Our assessment for each practice was based on:

• Criteria for effective deployment of the practice based on accepted industry practices, such as those published in the International Conference on Software Engineering or IEEE Software, and Avaya good practices.

• The extent of usage based on input sessions and our partnerships with Avaya projects.

• Self-assessment of the effectiveness of the practices by a project and the reasons for that assessment.

Each practice was plotted on a grid showing effectiveness and extent of deployment (see Figure 15.13).

The areas and practices were kept relatively consistent until 2010 so that we could analyze trends and make recommendation based on those trends. In addition, several practices within the practice areas were selected as indicators of projects that focus on quality, as discussed in the next section.

15.7.2 Four Practices Tracked as Representative

Beginning in 2012, the following four practices are tracked by the Avaya quality council as necessary, but not sufficient, for achieving good quality while meeting schedules⁶ :

• static analysis, using a commercial or open source tool;

• code review and inspections;

• automated regression testing, to prevent breakage and provide acceptance criteria for code being delivered to test or other projects;

• code coverage, to identify areas of the code that had not been adequately tested.

The report originally started tracking these as a group in 2011, contributing to the Avaya Quality Council’s efforts to standardize and focus on a small set of representative good practices. Objective targets for these practices were established so that it was clear what actions were expected of projects. The scores of these four practices are averaged for each project to provide a development process measure that is easy to discuss with the quality council and with R&D leaders.

A project’s practices are assessed at each product development business gate, including prior to the start of development, when implementation is complete, for example, prior to beta testing, and prior to product launch. We have found these measures to be predictive of the quality of the end product [16].

15.7.3 Example Practice Area—Design Quality In

The following 11 individual practices are representative individual practices associated with the “Design Quality In” practice area.

• Baseline requirements and place them under change control.

• Specify and update an architecture sufficient to guide development.

• Deploy internal technical standards.

• Create well-defined interface specifications [17, 18].

• Perform cross-division architecture reviews [19].

• Establish a component integration and reuse program.

• Review requirements, interface specifications, design artifacts, and test scripts.

• Perform inspections of new or changed code.

• Perform automated build management (at least daily) with automated sanity tests [12].

• Carefully manage third party deliverables and dependencies on other projects.

• Refactor a criteria-based selection of modules.

Each of these practices may be further partitioned into sub practices.

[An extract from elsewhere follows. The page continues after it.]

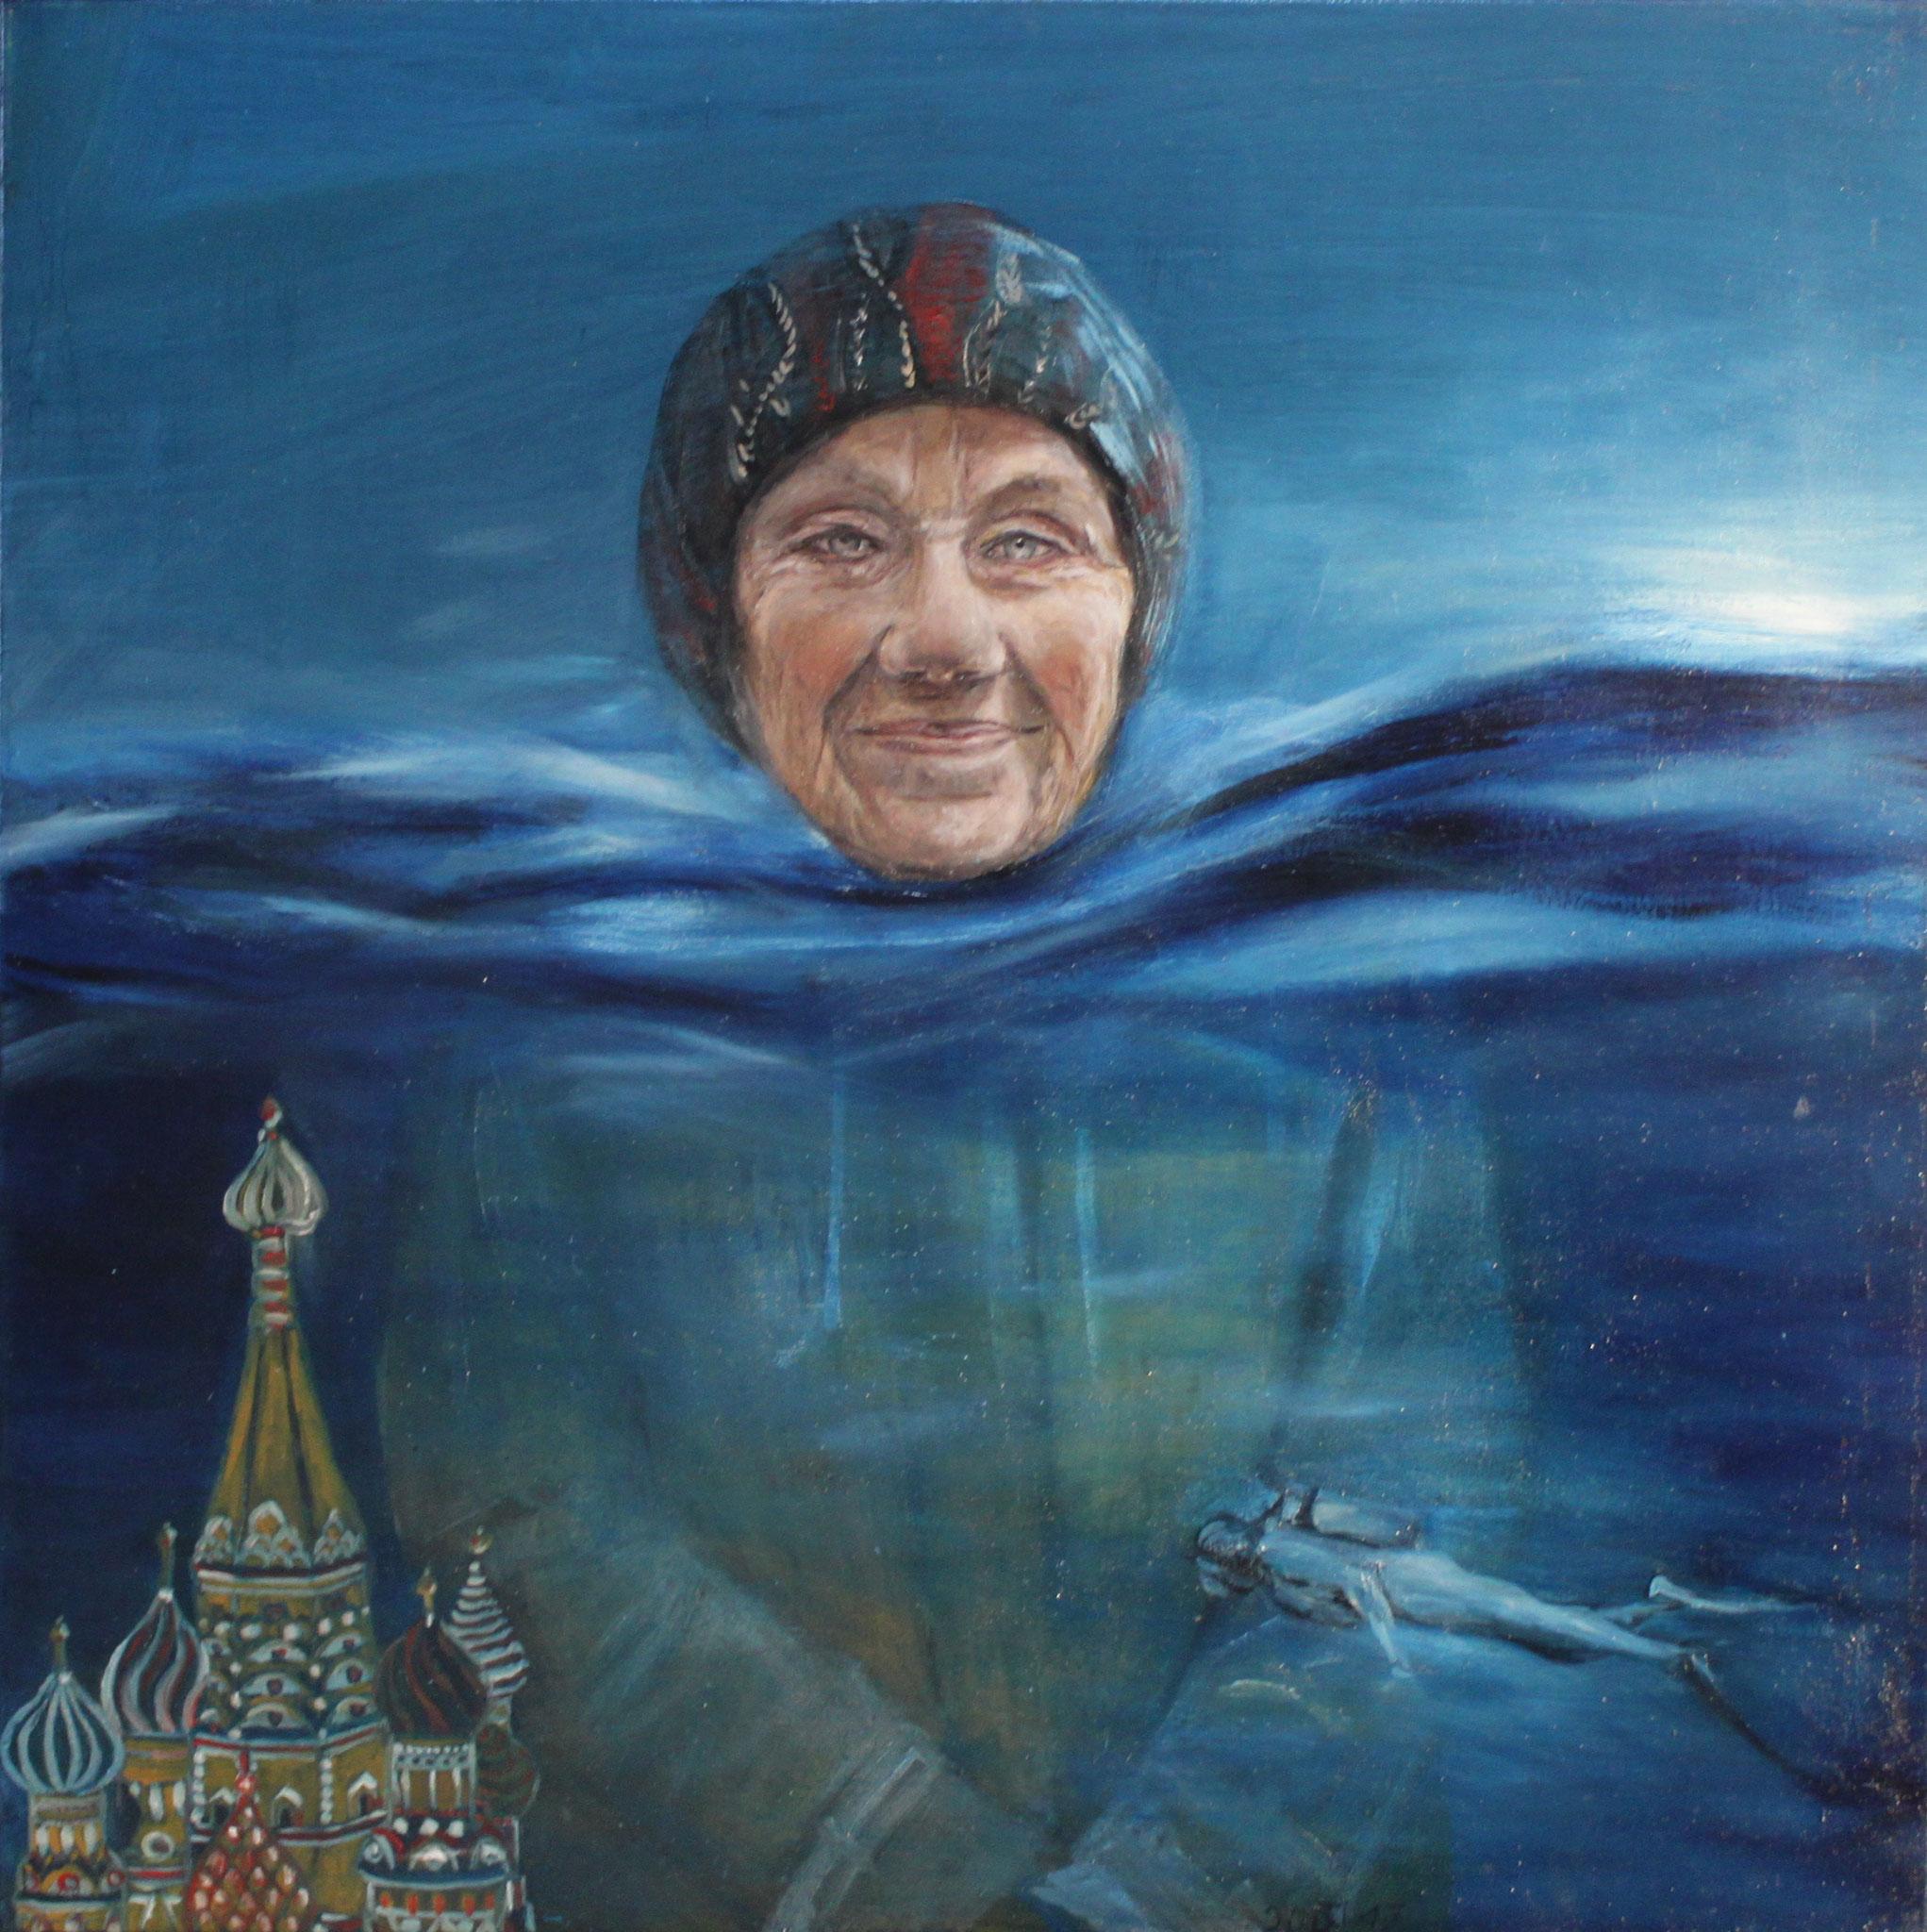 Emma, 2017, Öl auf Leinwand, 80 cm x 80 cm x 4 cm

For example, in Section 15.8.1.1, we identify six key sub practices of the automated build management practice.

We have defined criteria for effective deployment of each of these practices. For example, the criteria for effective deployment of “manage 3^rd party deliverables” are the following.

• All third party deliverables are identified.

• Quality policies are in place and communicated to third party owners.

• Policies are in place on conditions for accepting updates.

• An acceptance test program is in place for each third party deliverable.

• A development team member is identified as “local owner” of each third party deliverable.

• Schedule and quality impact of third party deliverables is assessed.

An assessment of the individual practices for “Design Quality In” from several years ago is shown in Figure 15.13. The x-axis represents how widely the activity is deployed (Usage), and the y-axis represents how effectively the process has been deployed (Effectiveness) based on criteria for each practice. The evaluation of effectiveness and usage for a practice is a judgment based on our discussions with R&D project members and our analysis of quantitative data. In Figure 15.13, the judgments are represented by the positions of the black circles. For example, at the time of the assessment automated build management was widely deployed and Avaya R&D projects were highly effective in performing automated build management. On the other hand, there was limited usage of structured refactoring techniques [20] and where deployed the practice was judged to have medium effectiveness. The Overall circle, in blue (dark gray in print versions), represents our judgment of the usage and effectiveness of the total set of “Design Quality In” practices, which was medium to high usage and medium effectiveness.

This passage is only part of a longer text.